Brouns’ balkonspeech is weinig origineel. De met overheidsgeld flink gesubsidieerde mandatarissen van Vlaams Belang – en sommigen van de N-VA – steken al jaren hetzelfde riedeltje af. Het wijst vooral op hun structureel ongemak met een sector die de samenleving steevast een confronterende spiegel voorhoudt.

Cultuur is altijd al de luis in de pels van de politiek geweest, maar de laatste jaren is de politieke tegenreactie steeds feller geworden. De ontslagnemende re­gering maakte ruimte voor cultuur, maar dan het liefst als een veilig omheinde plek die geruststellende antwoorden geeft over de historische onafwendbaarheid van een Vlaamse identiteit.

Die instrumentalisering van het cultuurbeleid voor particuliere politieke doeleinden zou je ook ideologie kunnen noemen. Cultuur mag dan niet langer vervelende vragen stellen, maar moet dienstbaar zijn aan politieke doeleinden. De uitspraken van Brouns zijn in dat opzicht een nieuwe dieptepunt. Hoewel zijn pleidooi lijkt uit te lopen op een soort toegift – “Ik wil geen wraak, maar gerechtigheid” – valt er weinig mildheid te bespeuren. Dat gerechtigheid moet geschieden, vooronderstelt immers dat er onrecht moet worden tenietgedaan. Wat moeten we ons daarbij voorstellen?

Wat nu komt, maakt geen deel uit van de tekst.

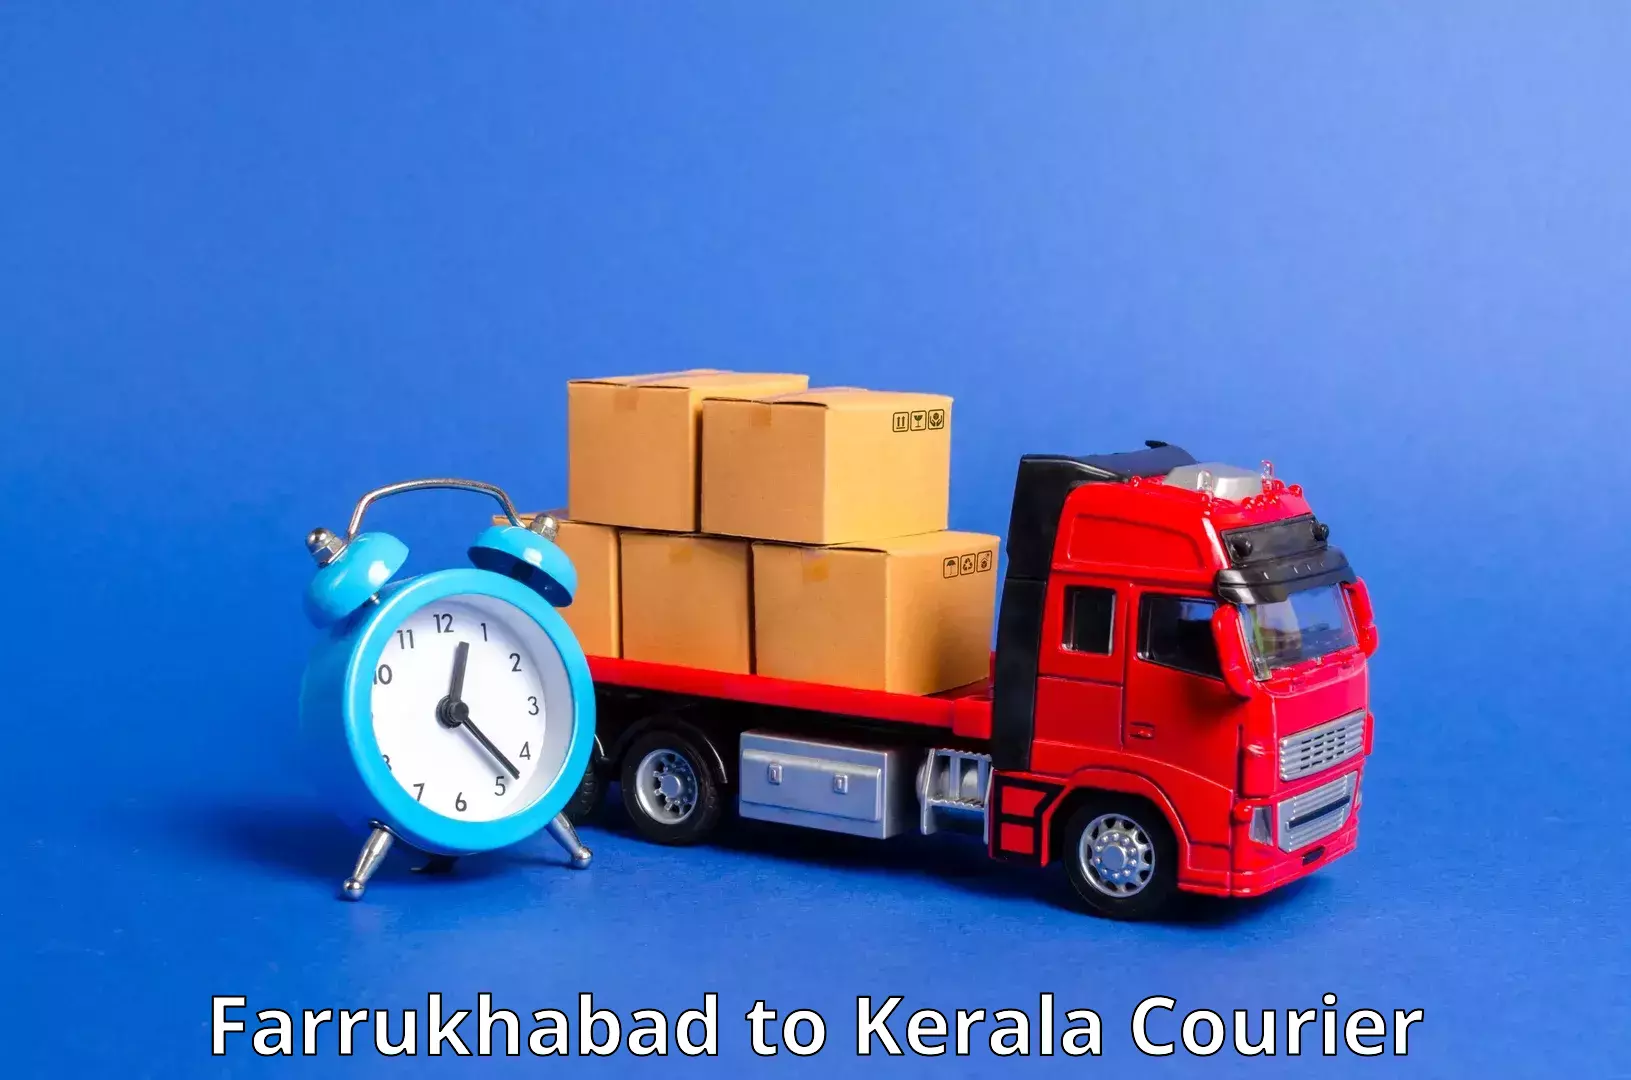 Subscription-based courier Farrukhabad to Kerala

Zowel wraak als gerechtigheid staan centraal in veel oudtestamentische teksten. Gerechtigheid impliceert vaak dat een straf wordt uitgesproken, zodat de gelovigen de gevolgen ervaren van wat ze verkeerd hebben gedaan. Welke straf moeten we ons dan voorstellen voor de cultuursector? Alle cultuurhuizen afschaffen, of de mensen die er werken een cursus ideologische heropvoeding laten volgen? De strategie van Brouns is weinig subtiel en een toonbeeld van wat zijn partij voor ogen heeft. Vlaams Belang kan niet wachten om na juni de departementen Onderwijs en Cultuur te claimen en naar zijn hand te zetten. Met de regelmaat van een klok kondigt de partij aan dat wie er werkt, zich maar beter nu al gedeisd kan houden. Holle uitspraken als “dé Vlaming wil niet langer dit of dat…” doen uitschijnen dat ze voor een hele bevolking zou spreken. Quod non. Zelfs al wordt Vlaams Belang de grootste partij, dan nog vertegenwoordigt die maar een deel van het electoraat en tot nader order is geen van de andere partijen bereid er een coalitie mee te vormen. Alleen de uiterste rechterflank van de N-VA is daarvoor te vinden. Voorzitter Bart De Wever is voldoende strateeg om te beseffen dat dit weleens het Egmontmoment van zijn partij zou kunnen worden.

Het zou ondertussen verhelderend zijn mochten andere partijen duidelijk maken welke plannen zij hebben om cultuur de onafhankelijke plaats te geven die ze verdient. Dat doen ze nauwelijks. Cultuurbeleid is blijkbaar het allerlaatste wat ertoe doet. Terwijl dit tochtige gat aan de Noordzee geen knijt zou betekenen, mochten onze cultuurdragers er niet iets van gemaakt hebben dat er echt toe doet. Dat hebben ze trouwens steevast gedaan door zich te ontknechten van politieke instrumentalisering. Misschien is dat wel een hoopgevende gedachte: dat cultuur vaak ontstaat ondanks en niet dankzij beleid. Cultuur beschermt ons – dus ook de politiek – in principe tegen te veel misplaatste heroïek en zelfvoldaanheid.

Het ziet er bijgevolg naar uit dat we na de verkiezingen in juni veel cultuur zullen nodig hebben om het huidige non-beleid tegen te gaan. Mogen we dan van het beleid ondertussen nog iets verwachten? Politiek gaat in principe over de hoop op een betere samen­leving, met meer verbinding, perspectief en mogelijkheden om een gelukkig en zinvol leven uit te bouwen. Daar moet en kan cultuur een belangrijk onderdeel van zijn.

Lucebert schreef het al in 1974 met zijn gedicht ‘De zeer oude zingt’: “Alles wordt van aanraakbaarheid rijk.” Aanraakbaarheid is nu nauwelijks aanwezig in de vele debatten en interviews. Ik lees vooral afstand, meedogenloosheid en angstzaaierij, met de “stormram” als voorlopig dieptepunt. Alsof cultuurhuizen vestingen zijn met dikke muren. Terwijl dat andere vers van Lucebert het helder stelt: “Alles wat van waarde is, is weerloos.” Hoog tijd voor een minister van Cultuur die minstens dat ene vers begrijpt.